In the previous article we were introduced to the Palmer Penguins, their eating habits, and built a recommender system that would serve them their favourite fish. However, the system we built was overly simplistic and assumed a *single* favourite fish across the population. As we all know, there is no single best of anything. It all comes down to personal preference. In this article we are going to see how to improve the system through *contextual* multi-armed bandits, which will allow learning the penguins preferences much more granularly than a population average.

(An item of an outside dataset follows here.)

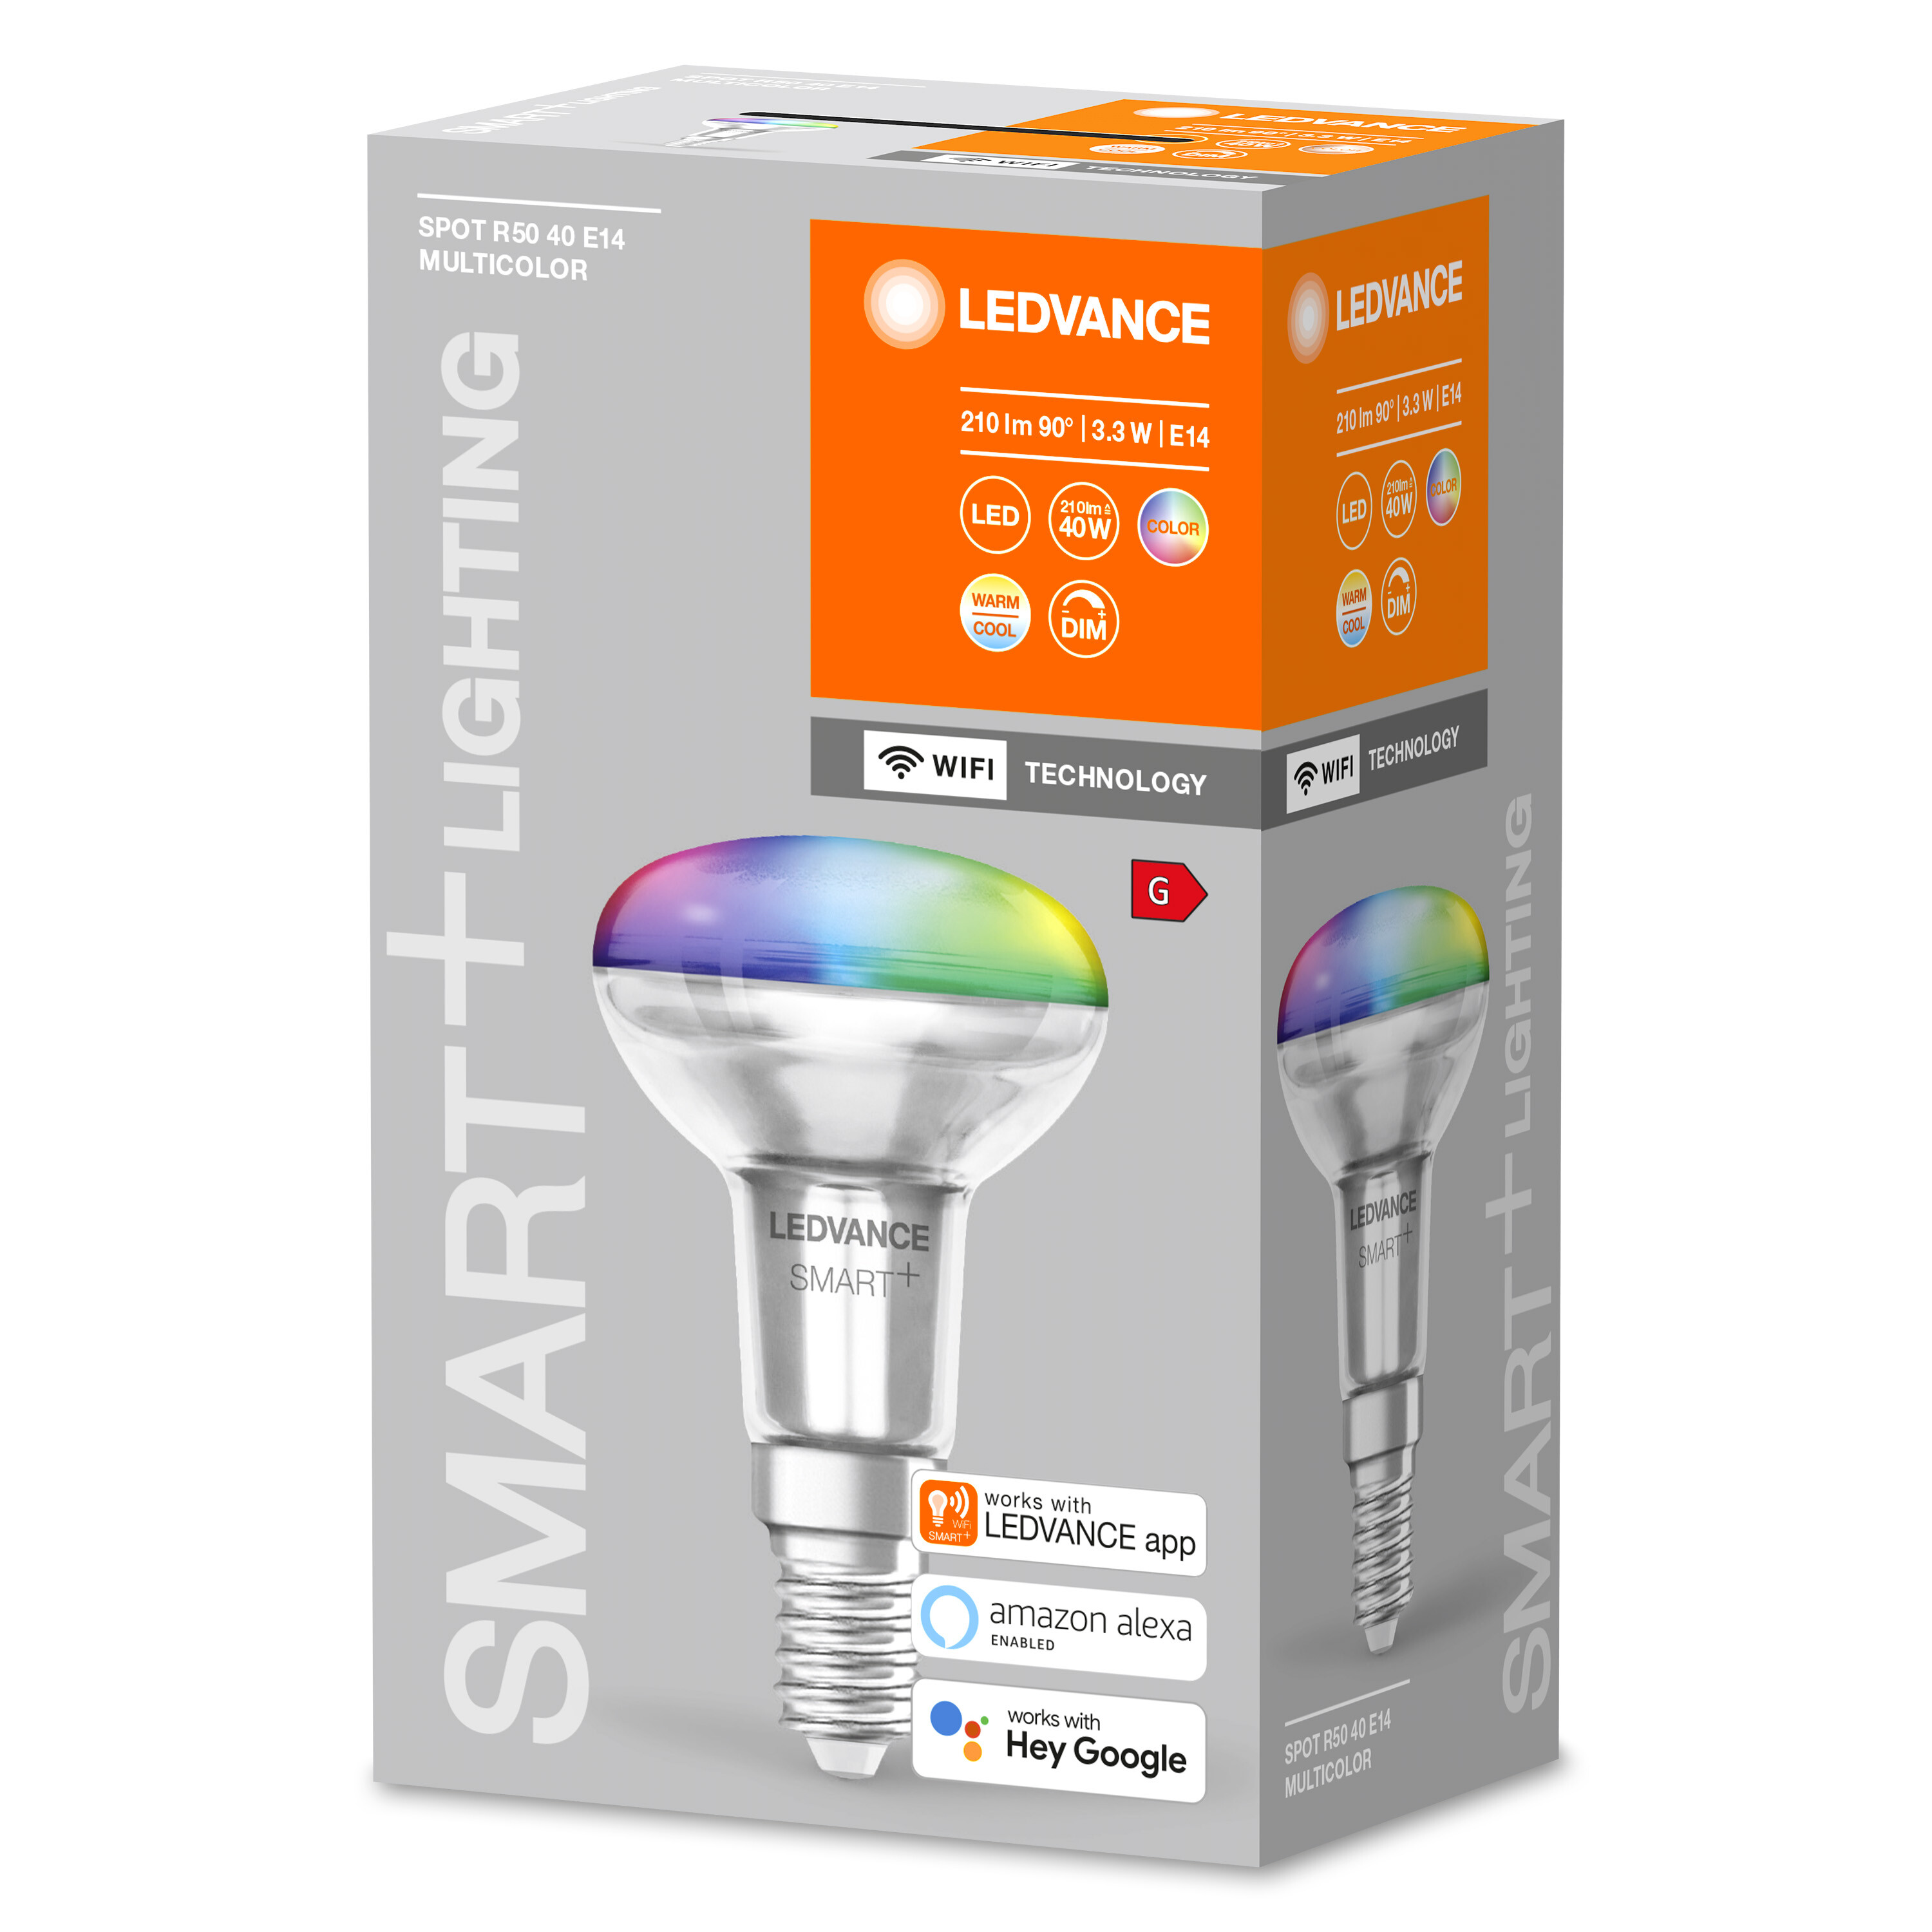 3W Lichtfarbe Multicolor E14 SPOT R50 40 Multicolor Lampe LEDVANCE SMART+ änderbar CONCENTRA LED

This article will use the same setting and data set as the first part, so I highly recommend you give it a read for some additional context, an explanation of the data and a description of the already implemented system.

## Measuring the penguins

The greatest weakness of the previous system was that it did not take into account any information about the penguins it was feeding. It was merely trying to choose the most popular fish across the board. A much more powerful approach is to try and learn patterns in the penguins preferences, and identify parts of the population that have similar preferences. If we were to observe the features of approaching penguins, we could decide which fish to feed based on what we know about the preferences of similarly-looking penguins. Fortunately, the engineers of our fish-feeding operation are already hard at work on an improved system equipped with sensors to observe and measure the penguins bill, body mass and flippers. Let us take a look at these features.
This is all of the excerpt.